Verdict? -- not quite 100x improvement as possible, not even the 4x as promised.. not even 2x as minimum listed! -- doesnt seem worth the risk of things breaking.

----------

## twiggy

http://217.209.205.126/goawaybaselayout.html

I hope this could be of any use for some of you   :Smile: 

----------

## Hackeron

 *twiggy wrote:*   

> http://217.209.205.126/goawaybaselayout.html
> 
> I hope this could be of any use for some of you  

 

How does this speed anything up exactly?

----------

## twiggy

 *Hackeron wrote:*   

>  *twiggy wrote:*   http://217.209.205.126/goawaybaselayout.html
> 
> I hope this could be of any use for some of you   
> 
> How does this speed anything up exactly?

 

Reduces the bootup time alot. It might not be what you want but it is without a doubt in the speed category.

----------

## Hackeron

 *twiggy wrote:*   

> Reduces the bootup time alot. It might not be what you want but it is without a doubt in the speed category.

 

Well, I just tried it on a spare machine that I use for distro testing, and I dont notice any speed up what so ever. Maybe its there, especially if you have many services, but then again you already have parallel startup in baselayout and there's ofcourse tips on this thread to make startup as fast as possible. Try them!

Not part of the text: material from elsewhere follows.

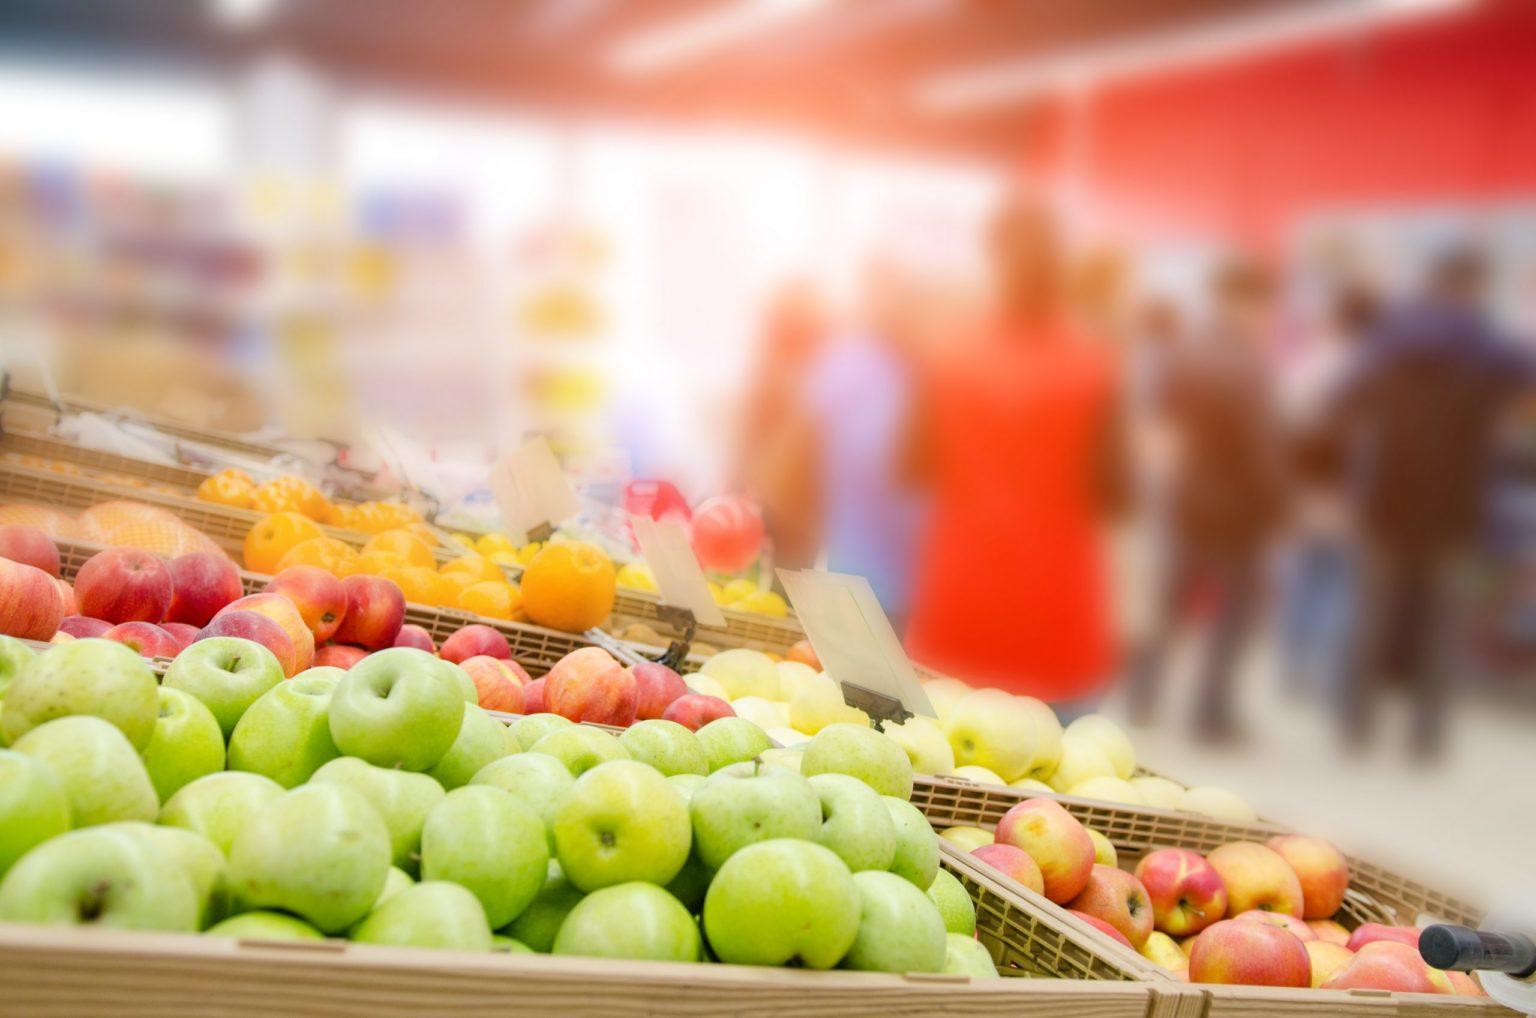 fruits-scaled

Even if there is a slight gain in speed if using sysvinit with those scripts instead of baselayout (no gain in speed here), I dont see how anyone would compromise baselayout's usability for it. 

The init system in gentoo is one of my favorite things about the distribution. Look at fedora's sysv implementation - services marked started when they're not is just one of the examples of the many things wrong with it - and they have a far more advanced configuration than crux  :Wink: 

----------

## twiggy

It's all about taste   :Smile: 

Baselayout might be useable but i just hate it. Mostly because the output is so freaking ugly and i like to keep things simple.. It's certainly not something everyone should use but it's perfect for me..

----------

## Hackeron

 *twiggy wrote:*   

> It's all about taste  
> 
> Baselayout might be useable but i just hate it. Mostly because the output is so freaking ugly and i like to keep things simple.. It's certainly not something everyone should use but it's perfect for me..

 

Ofcourse, very valuable howto! , I just think it deserves its own thread on the documentation forum!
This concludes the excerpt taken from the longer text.